**EXERCISE INPUTS**
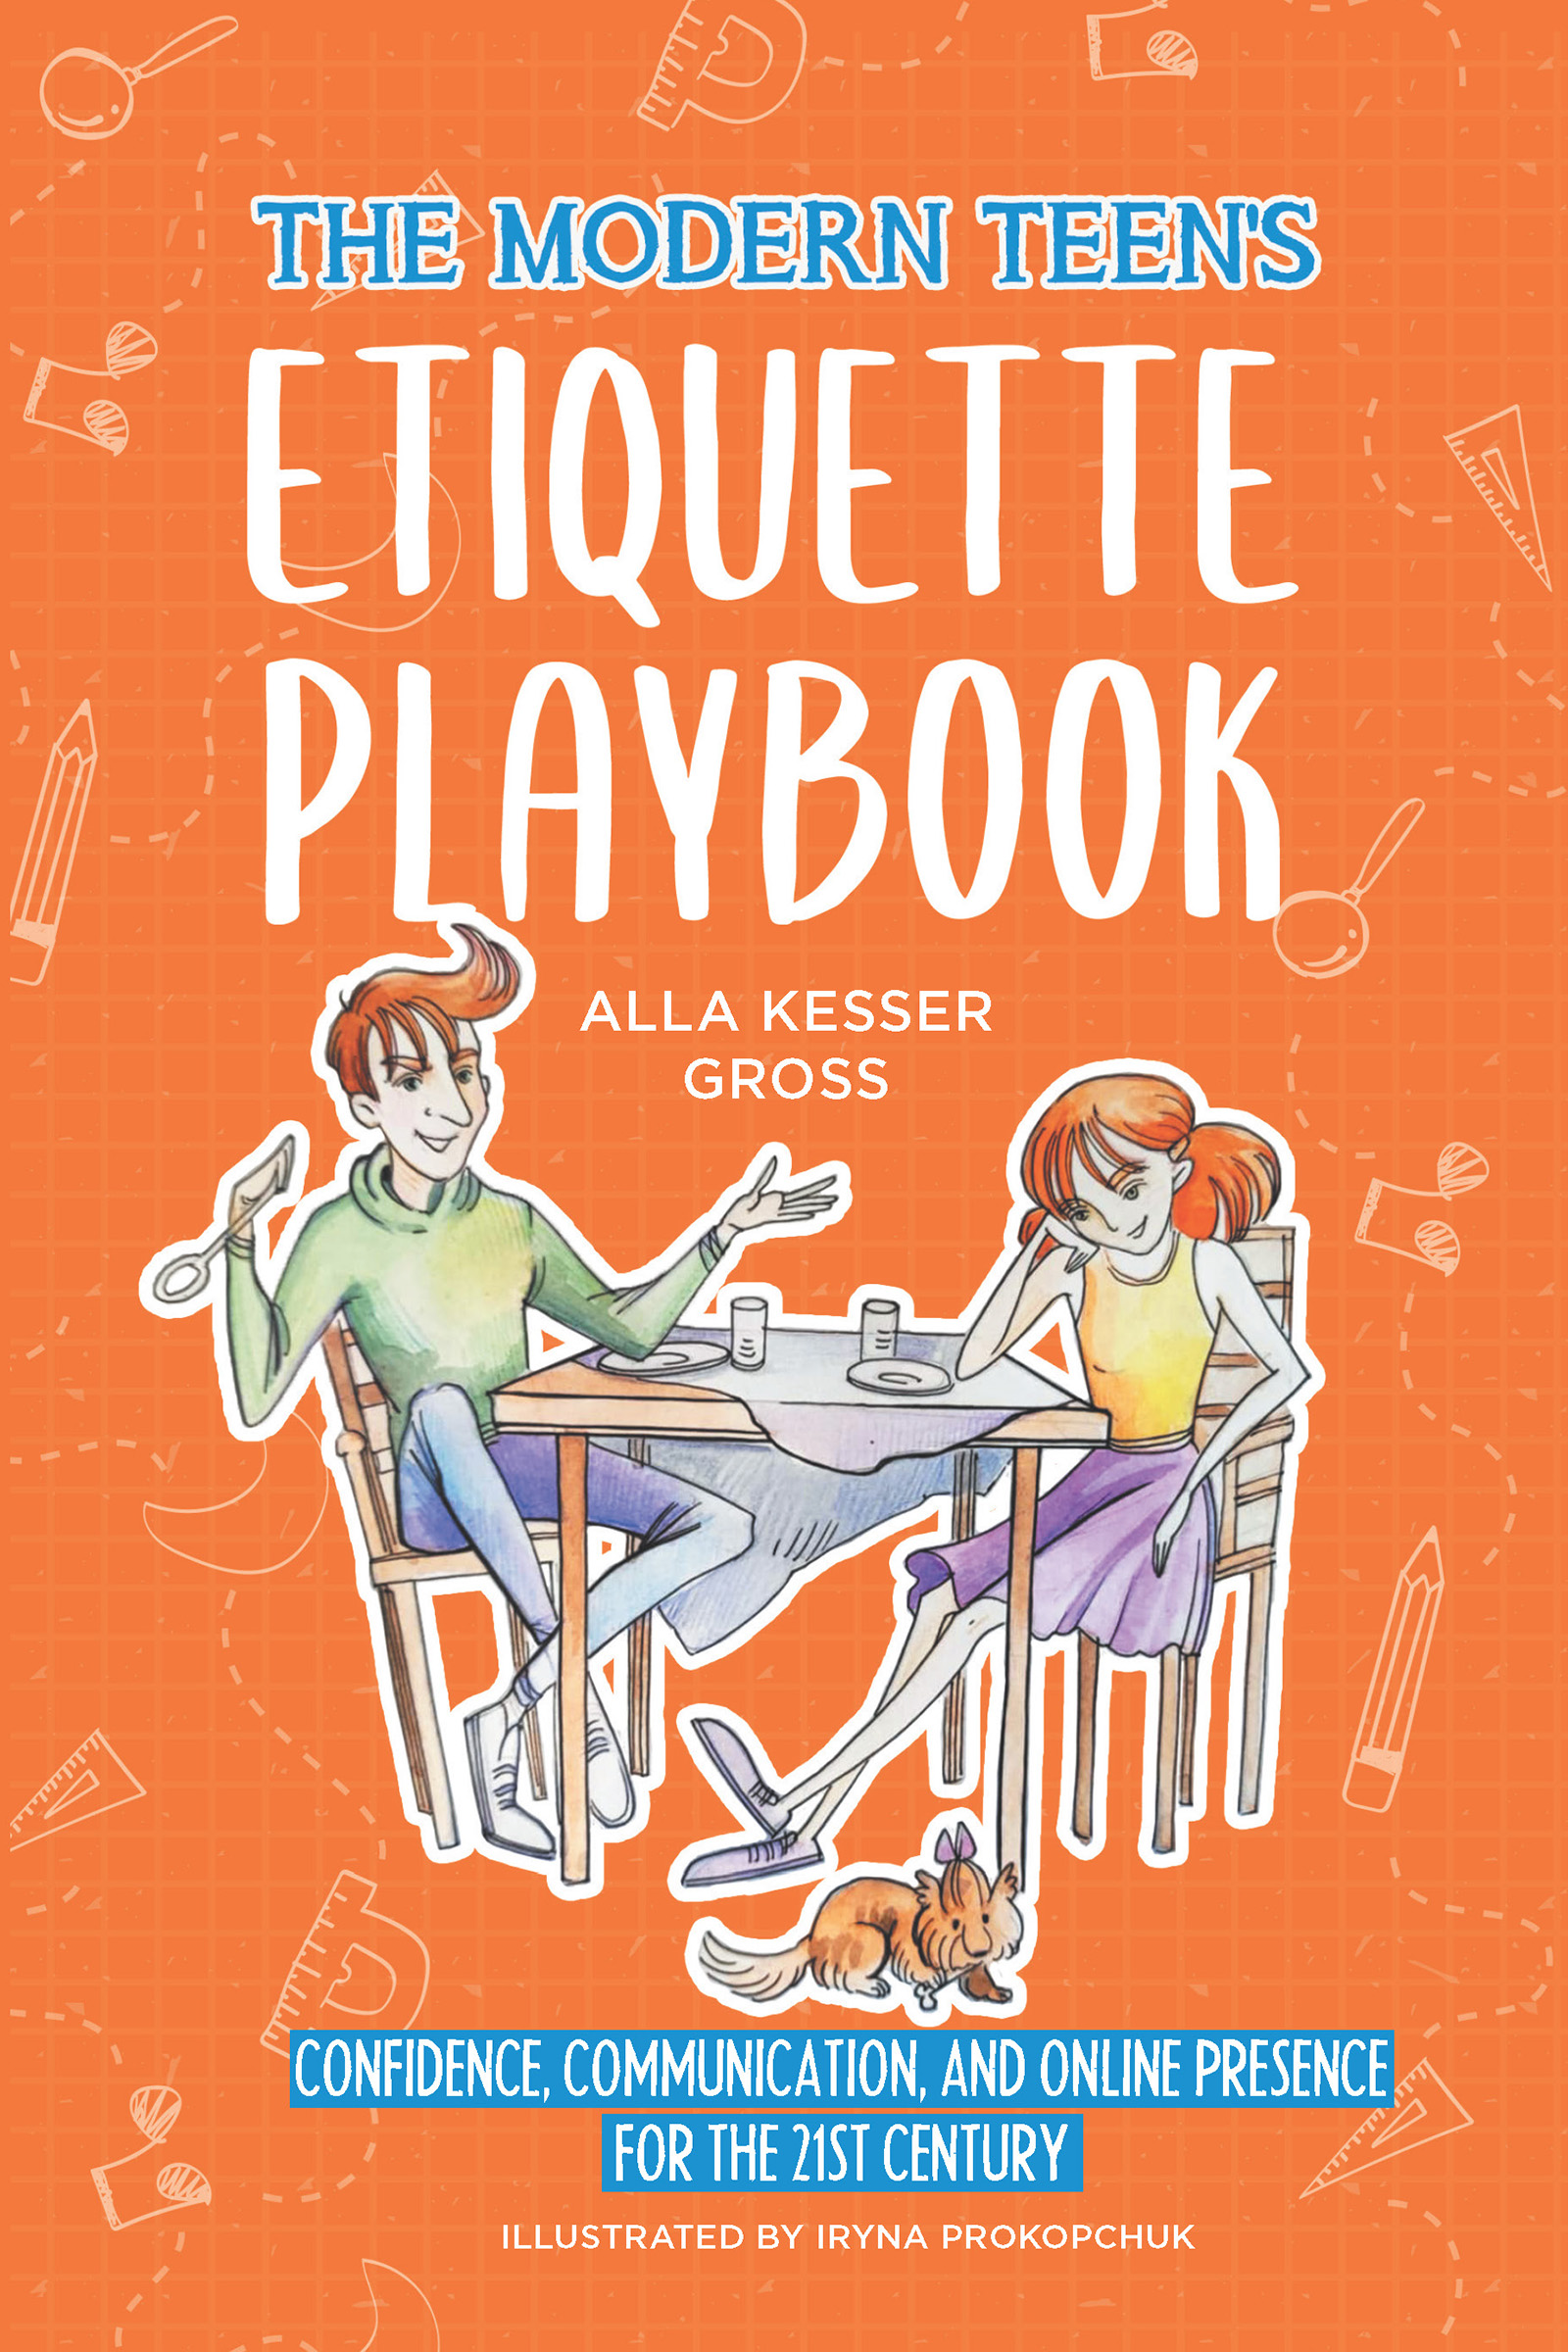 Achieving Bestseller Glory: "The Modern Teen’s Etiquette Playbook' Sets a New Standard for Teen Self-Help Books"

--

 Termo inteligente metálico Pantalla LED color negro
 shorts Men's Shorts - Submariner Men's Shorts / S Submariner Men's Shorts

**DESCRIPTION OF THE TASK**
Within the listing above, give again exactly every line from the line with "Termo inteligente metálico" through the line with "shorts Men's Shorts", both included, and no other line.

**TASK ANSWER**
 Termo inteligente metálico Pantalla LED color negro
 shorts Men's Shorts - Submariner Men's Shorts / S Submariner Men's Shorts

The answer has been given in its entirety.